Stop calling us ‘wives and moms’ is from Salon, regarding President Obama’s tendency to talk to men, rather than to women directly, about their wives, mothers and daughters.

What’s in a name?—The Controversy Over “Manholes” from Inequality by (Interior) Design

3. ‘OLD LADY’ AND OTHER GENDERED WORDS USED AS INSULTS

It’s been around forever. Or at least since 1964.

“Tea used to be considered a beverage for sissies and old ladies. However, nothing could be further from the truth.” excerpted from To The Bride, 1964.

I’m sure every man here has, at least, once been called a girl as an insult. And every woman here would have overheard it. Maybe you’ve even wondered, as I have, why being a girl, or being a sissy, is such an insult. Likewise ‘old woman’.

4. ‘FEMALE DOMINATED’ WHEN DESCRIBING PROPORTIONAL REPRESENTATION

Michio Kaku gave a talk called “The World in 2030″ which I should have found fascinating but which I instead found infuriating, not least for his assertion that ‘The Internet is now female’. Why? Because 51% of internet users are women and girls.

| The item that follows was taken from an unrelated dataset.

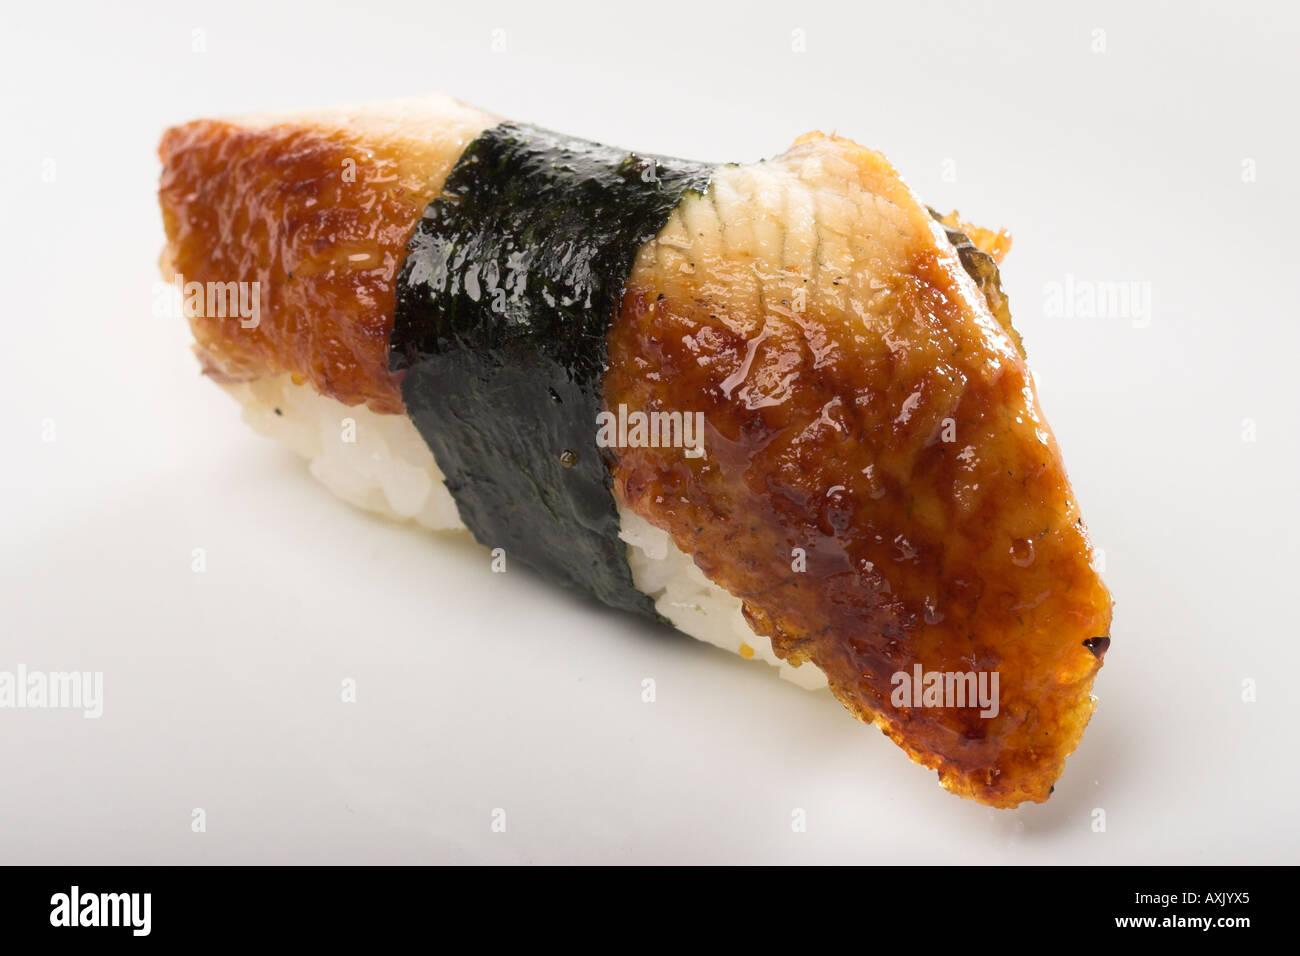 unagi eel fresh seafood brown white fish seaweed rice rapped appetizer meal Asian consumption eat food - Stock Image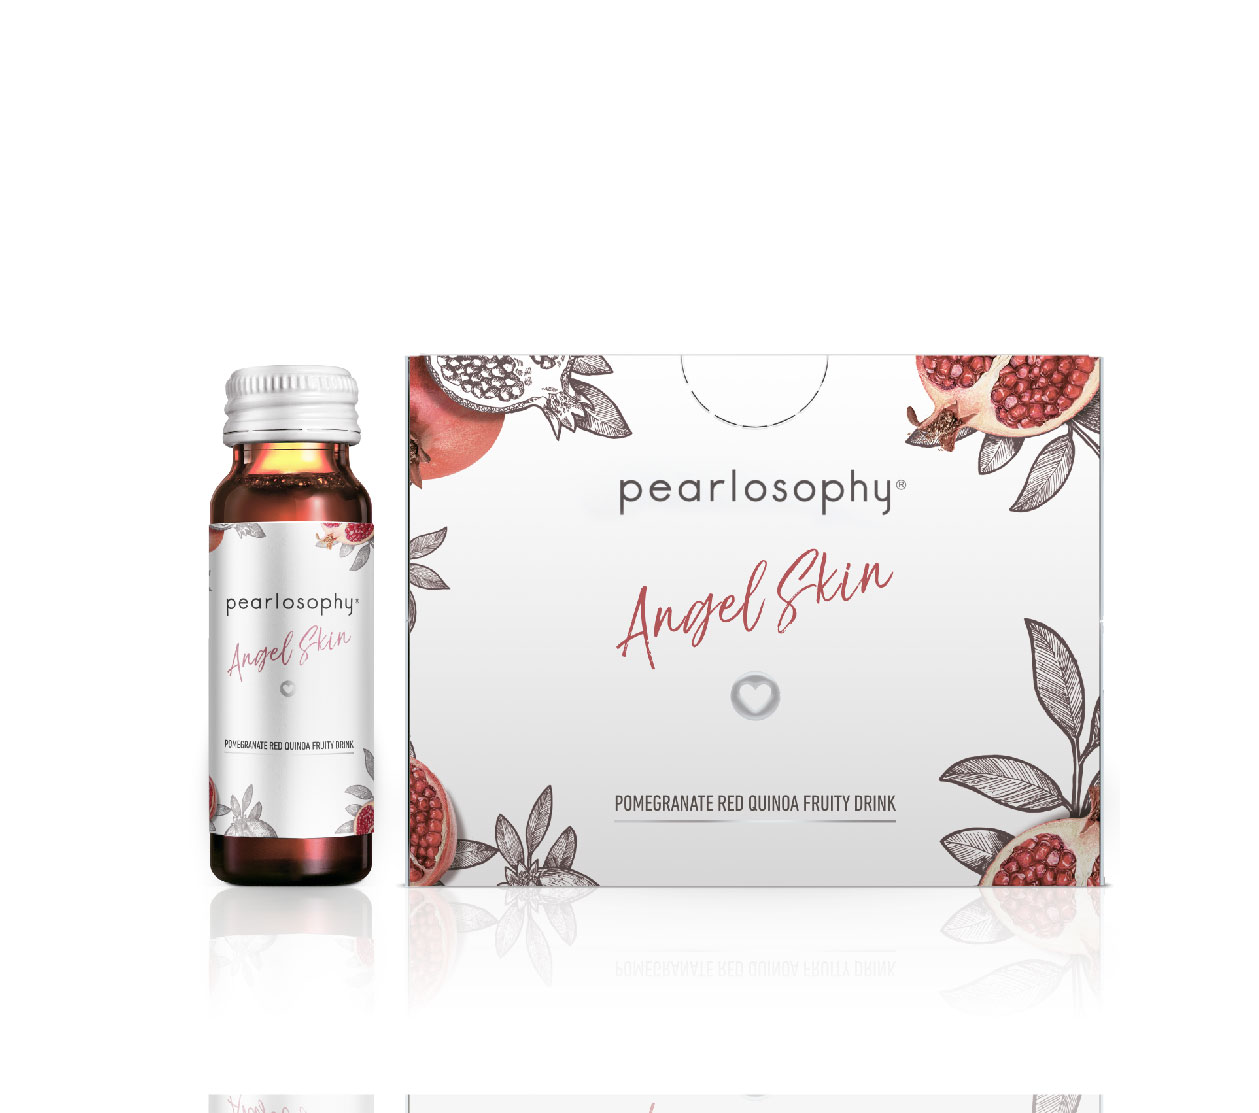 石榴红藜果蔬饮料Pomegranate Red Quinoa Fruity Drink

This reminded me of the question ‘Why Do Female Authors Dominate YA Literature?‘ posed by The Atlantic. Answer: They don’t. Ladybusiness pointed out that if women made up 40% of any other area in life then everybody would be congratulating women for almost achieving equality.

Let’s hit ‘female dominated’ on the head in relation to anything close to 50/50. This obfuscates the unfortunate fact that women are still far, far underrepresented in almost everything important, well-paid and influential.

5. JOURNALISTS POINTING OUT ‘ABSENCES OF GROOMING’ WHEN REFERRING TO FEMALE SUBJECTS

The Guardian recently reported on Lionel Shriver’s latest book. It’s not unusual for reporters to describe the way a subject dresses and acts, and that is true of both men and women working in creative industries, even when a photo is attached to the article.

What’s different about the way women are treated, however, is that first it seems mandatory to mention a woman’s appearance when a man’s appearance is more likely to be mentioned only if his image is unusual. Second, it seems okay to talk about what a woman hasn’t done (according to the journalist’s expectations) rather than what she has done to create a brand or a particular image for herself. In Lionel Shriver’s case, her lack of make up is worthy of comment:

But Big Brother, like Kevin, can only serve to fuel the cult of personality that has grown up around Shriver, a figure of fascination whose makeup-free complexion has become the female equivalent of Tom Wolfe’s statement white suit.

These are not equivalents. The difference between Shriver’s ‘makeup-free complexion’ and Tom Wolfe’s ‘statement white suit’ is that Tom Wolfe wore the white suit precisely in order to be different — he could have chosen to wear a regular office suit, and might therefore expect the white one to become his signature, to his benefit — whereas the choice for women seems to be ‘either conform to society’s very high expectations of you, spending valuable time in the bathroom, and money on overpriced cosmetics produced by companies with dubious ethics’, or we’re going to build it into your image for you.

In short: we are still talking about women’s beauty failures, even in ostensibly feminist articles such as the one in The Guardian.